May 25th Dr. Daniel Lobo, University of Maryland, Baltimore County

Systems Biology of Growth and Form

June 1st Dr. Niall Mangan, Northwestern University

Data-driven methods for identifying mechanisms in complex biological systems

Talk Titles & Abstracts:

Speaker: Dr. Lisa Davis

Date: April 6th

Title: Continuum and Stochastic Models for Describing Transcription of the rrn Operon

Abstract: Bacteria are known for their ability to efficiently regulate their growth rate in response to changes in environment. The regulation of growth rate is coupled with ribosome production, and ribosome production rates depend on both transcription of rrn genes and translation of ribosomal mRNA by ribosomes themselves. In the current presentation, we focus on efforts to describe one portion of this coupled system. In fast-transcribing prokaryotic genes, such as an rrn operon, many RNA polymerases (RNAPs) transcribe the DNA simultaneously. Active elongation of RNAPs involves periods of fast forward motion that are often interrupted by pauses. In some literature, this has been observed to cause RNAP traffic jams. However, other studies indicate that elongation is faster in the presence of multiple RNAPs than elongation by a single polymerase. Several types of mathematical models have been proposed to capture the essential behaviors of this phenomena. I will give a brief overview of the essential biological quantities of interest, and the remainder of the talk will focus on two mathematical models we have proposed for characterizing this process. The first is a continuum model taking the form of a nonlinear conservation law PDE where transcriptional pausing is incorporated into the flux term with a piecewise continuous density-velocity relationship. The velocity relation is parametrized according to the user-specified (or randomly generated) spatial locations and time duration of the pauses. The second model is a stochastic one that is based on the classical TASEP model but with added complexity to account for the interactions among neighboring RNAPs that can influence local elongation velocities. I'll mention the algorithms that were used for model simulation for a series of parameter studies. If time permits, I'll discuss future directions where sensitivity with respect to model parameters is crucial for developing a better understanding of the validity of these models. In addition, we would like to combine the lessons learned from previous models into the development of a specific second order PDE formulation which allows for a richer, more adaptive density-velocity relationship.
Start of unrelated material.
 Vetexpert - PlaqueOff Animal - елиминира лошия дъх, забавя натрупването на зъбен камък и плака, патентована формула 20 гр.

Short Bio: Dr. Davis’s research interests are in the areas of computational mathematics, sensitivity analysis and mathematical modeling of biological systems. She studies efficient and robust computational algorithms for solving problems in various areas of applied mathematics. She has a background in finite element methods as well as finite volume methods for numerical simulation of systems governed by partial differential equations. Her research has received national funding from the NSF, DEPSCoR and AFOSR. Her most recent work is in the area of model construction and numerical simulation for bio-polymerization models. She is currently the PI on a grant focused on broadening the career pathways for doctoral students in Mathematics and Statistics through interdisciplinary research projects, internship opportunities and targeted course work and professional development called MT PEAKS. She is also the PI on a recent NSF grant focused on developing mathematical models of the ribosome assembly process.
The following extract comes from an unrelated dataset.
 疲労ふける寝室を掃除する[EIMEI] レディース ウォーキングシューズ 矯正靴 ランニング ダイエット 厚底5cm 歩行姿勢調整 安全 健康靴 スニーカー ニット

Speaker: Dr. Li-Tien Cheng

Date: April 13th

Title: The Binary Level-Set Method and the Shape of a Biomolecule

Abstract: The problem of the shape of a biomolecule involves studying a biomolecule, comprised of solute atoms, in its natural environment of a solvent that is roughly salt water. Of interest is where the water molecules are located surrounding the biomolecule. This especially affects operations such as protein docking, which is of importance in, for example, tumor suppression. In the implicit solvation framework, the water is represented continuously, thus transforming the problem into one of finding the interface separating the biomolecule from the water, known as the solute-solvent interface. The desired location of this interface minimizes free energy, and a level-set method can be applied to this variational procedure to capture it. Such methods have been successful in other interface problems in, for example, fluid flow, materials science, image processing, and tumor growth. In implicit solvation, it can produce results comparable to those from molecular dynamics simulations, but with much faster simulation speeds, from several days down to a day. Here, we improve on this by introducing, instead, the binary level-set method, which can further speed up the simulations, from a day down to seconds, by removing the slow partial differential equation solves at the expense of accuracy. This allows us to study the protein docking process in more detail using Monte Carlo simulations, where tens of thousands of solute-solvent interfaces are generated at each step.

Short Bio: Dr. Li-Tien Cheng is a Professor of Mathematics at UCSD. He works in the area of scientific computation with an emphasis on computational partial differential equations and interface dynamics via the level-set method. He received his Ph.D. from the Department of Mathematics at UCLA in 2000.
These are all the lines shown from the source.